Operator: Thank you. One moment, please. Alright. Our next question comes from the line of Dae Gon Ha from Stifel. Please go ahead.
Dae Gon Ha: Hey, good morning guys. Thanks for taking our questions and congrats on the progress as well. Just reverting back to Derek’s question, just hitting it head on as just apologies if I’ve missed it. But the discontinuation rate, David, you had other conference recently talking about mid-single-digits. I just wanted to confirm that number is still true. And then in terms of the questions I had, one, when you think about the patient dispositions across the three dose levels that are in the label, can you comment on any kind of – I guess Jennifer kind of went into education to get patients into, sort of the more tolerant dose. But any color you can provide across the three doses? What kind of position we should be expecting going forward?

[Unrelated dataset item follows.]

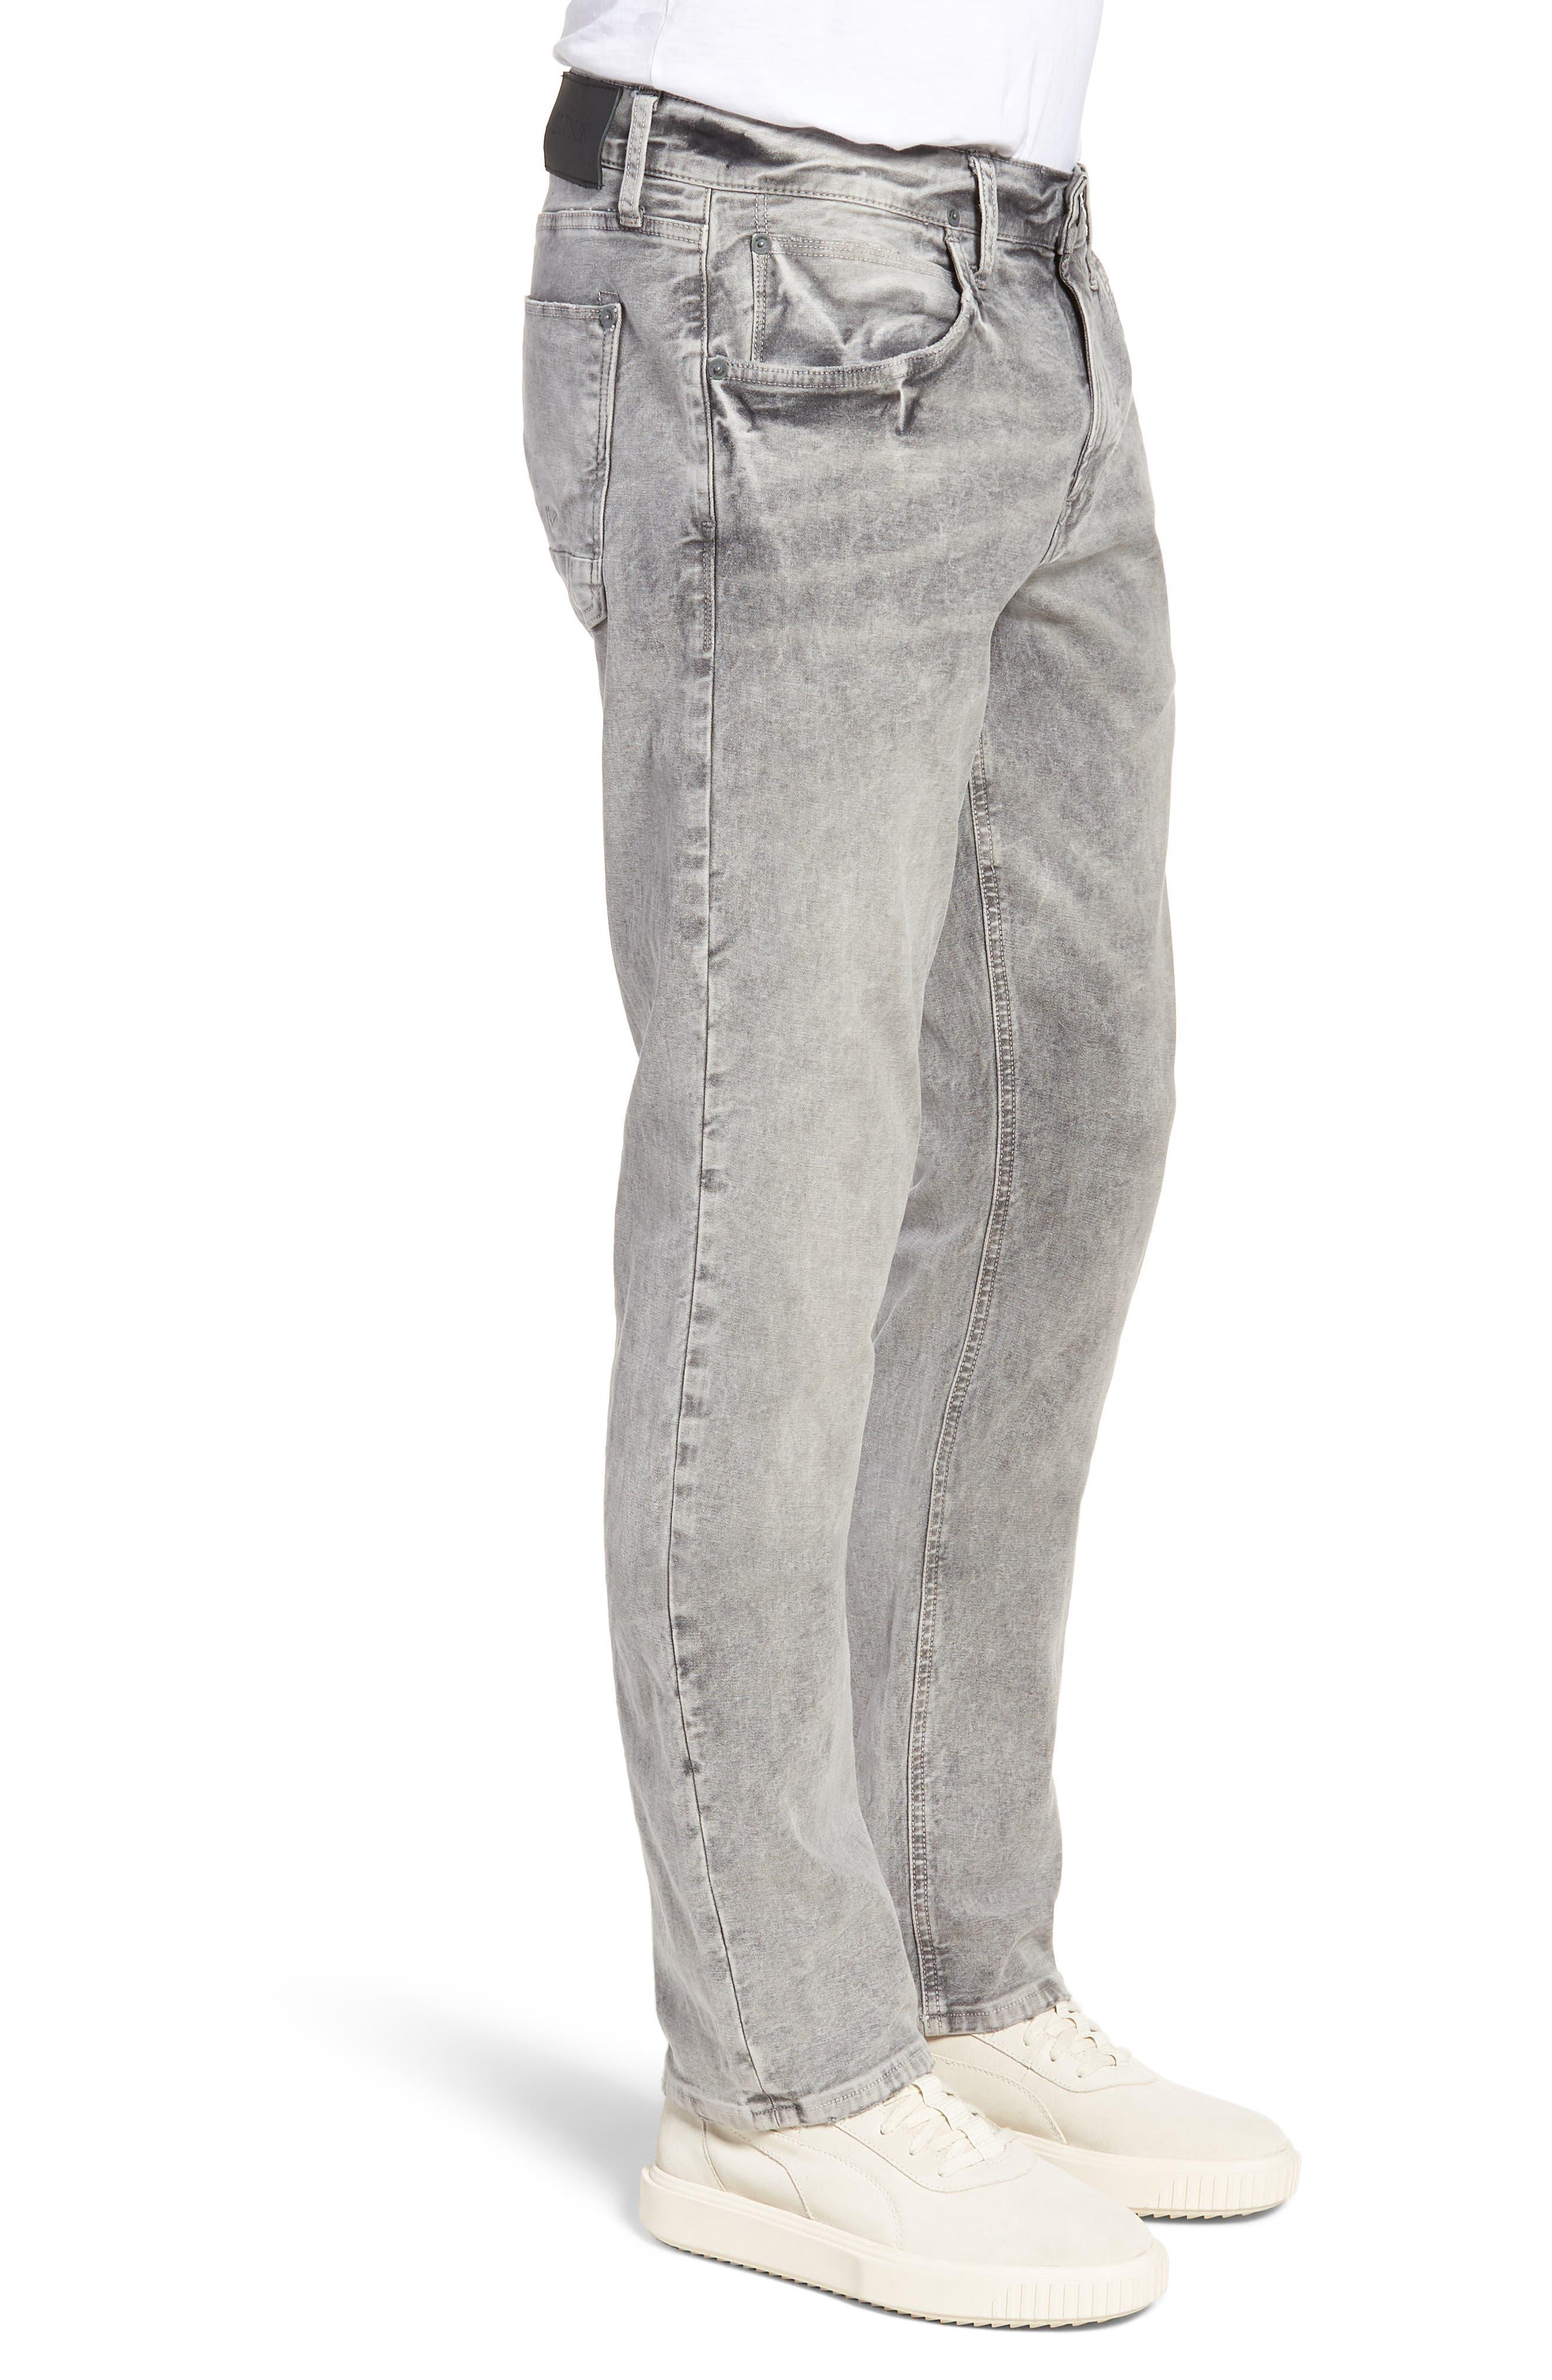 Blake Slim Fit Jeans,                             Alternate thumbnail 3, color,                             063

And what work is being done to keep patients off of the 1 milligram and more skewed towards the 3 milligram arm. And then secondly, on the strategies for the reimbursement, David, you spoke previously a number of times as sort of the analog we should be thinking about for BBS going forward. But just harkening back to your rare disease experience? What kind of reimbursement rate should we be expecting eventually? I mean is this something that can near into 80%, 90% or hovering in the 70% and what work needs to be done for IMCIVREE to get there? Thank you so much.

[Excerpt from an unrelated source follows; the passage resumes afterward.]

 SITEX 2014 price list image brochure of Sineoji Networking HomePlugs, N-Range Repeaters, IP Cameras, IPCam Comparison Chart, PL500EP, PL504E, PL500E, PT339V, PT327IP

David Meeker: Thanks, Dae Gon. So, first on the discontinuation rates. We previously, as you noted, said, I would characterize, we’re drifting up a little bit there surprisingly as we get more patients on for longer periods of time, so I’d characterize this with high level single digits. But as Jennifer said and this is what’s most encouraging overall is, one, I think we’ve done much, much better than we did in clinical trials for the reasons she outlined, the close contact with the patients who are within . Second is, patients are discontinuing about half are related to side effects of the drug. Again, opportunity will just continue to educate and set expectations in the right way. And the other are personal issues, specific to that individual patient, some of which may resolve over time and patients being willing to come back on therapy and we have several of those examples.

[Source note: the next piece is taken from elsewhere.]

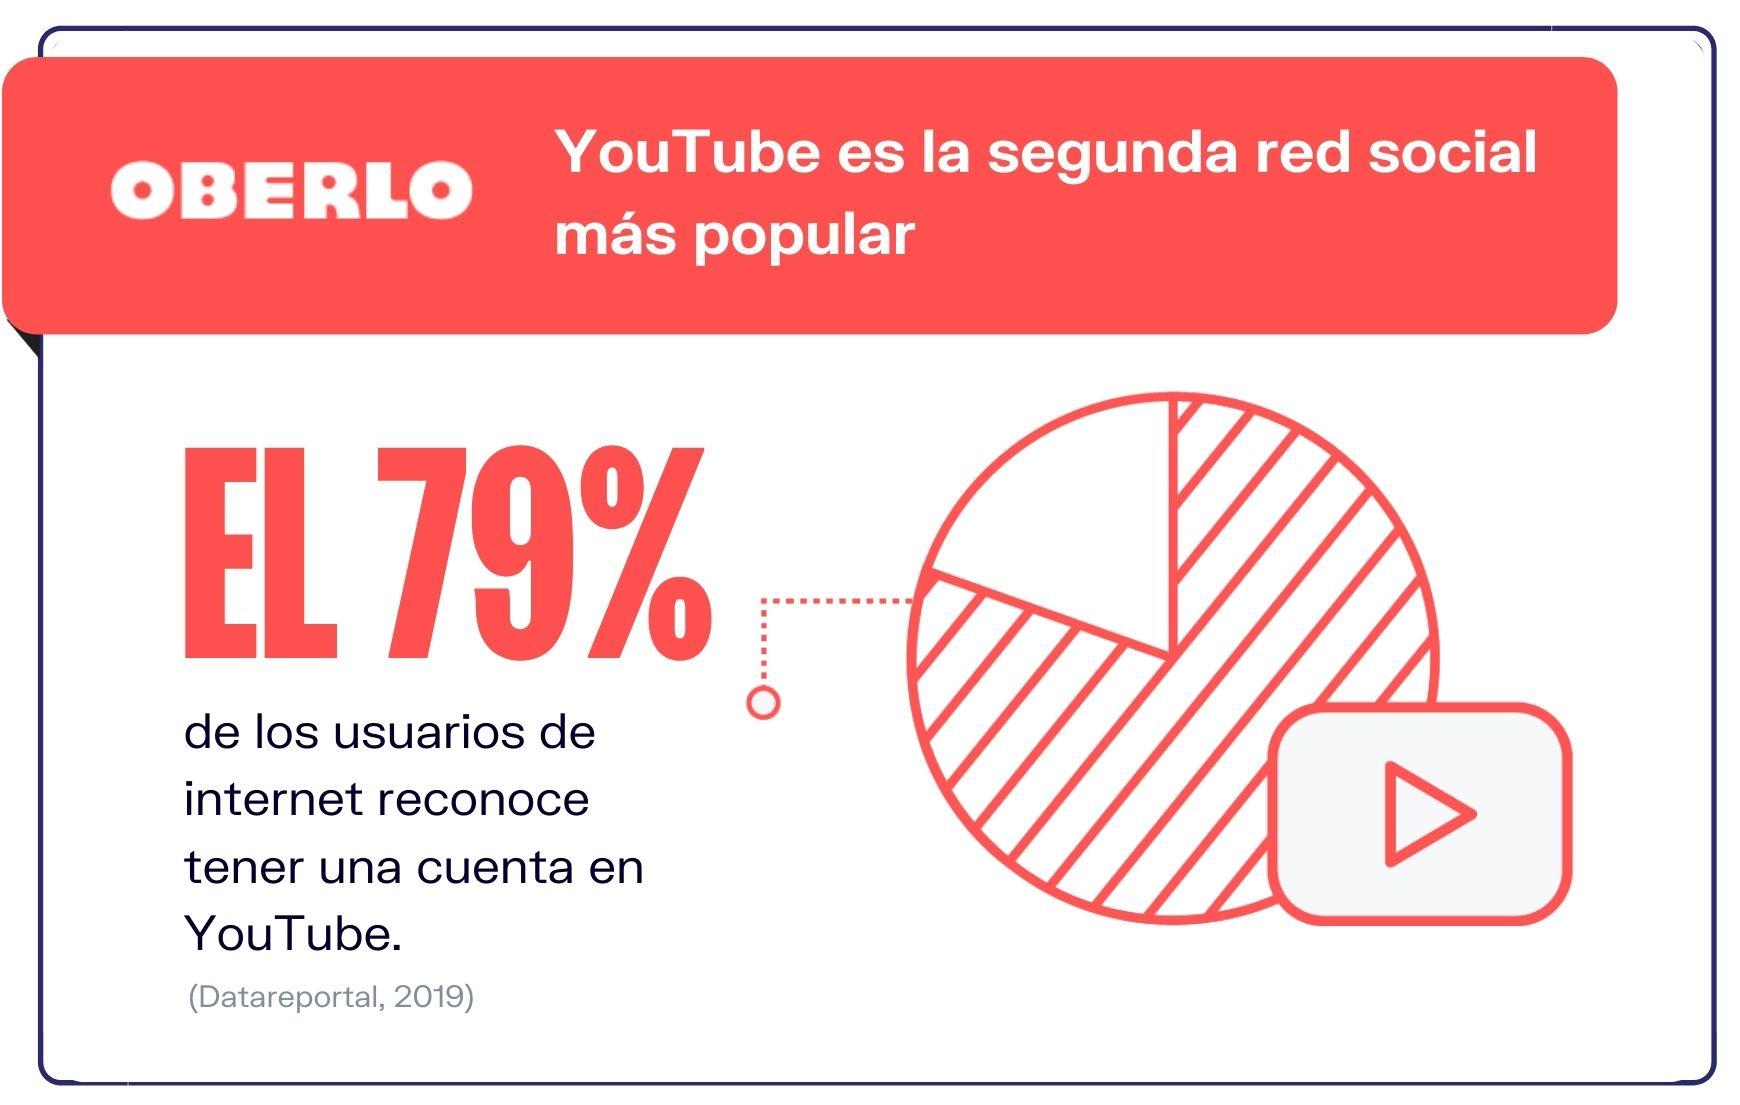 Estadisticas-YouTube-2da-plataforma-de-redes-sociales-mas-popular

So, including others that we’re working. Regarding dosing, the whole strategy behind seeing here is, we start low and we’re going a little slower than we did in the trial. Not surprisingly, if you go a bit more gradually, the early tolerability is better. Number 1, number 2, the vast majority of patients are getting to . I would say balance of the patient population is early and still working their way there. So, my expectation is that the truly vast majority of patients will be at or close to 3 mgs. Younger patients, very young patients may in fact achieve their desired level of benefit at a lower dose level, but go back to our Phase III trial where we had a number, about half the patients were under age of 18 and the other half were over and then on BBS, again, that was – those patients were literally virtually all on 3 mg.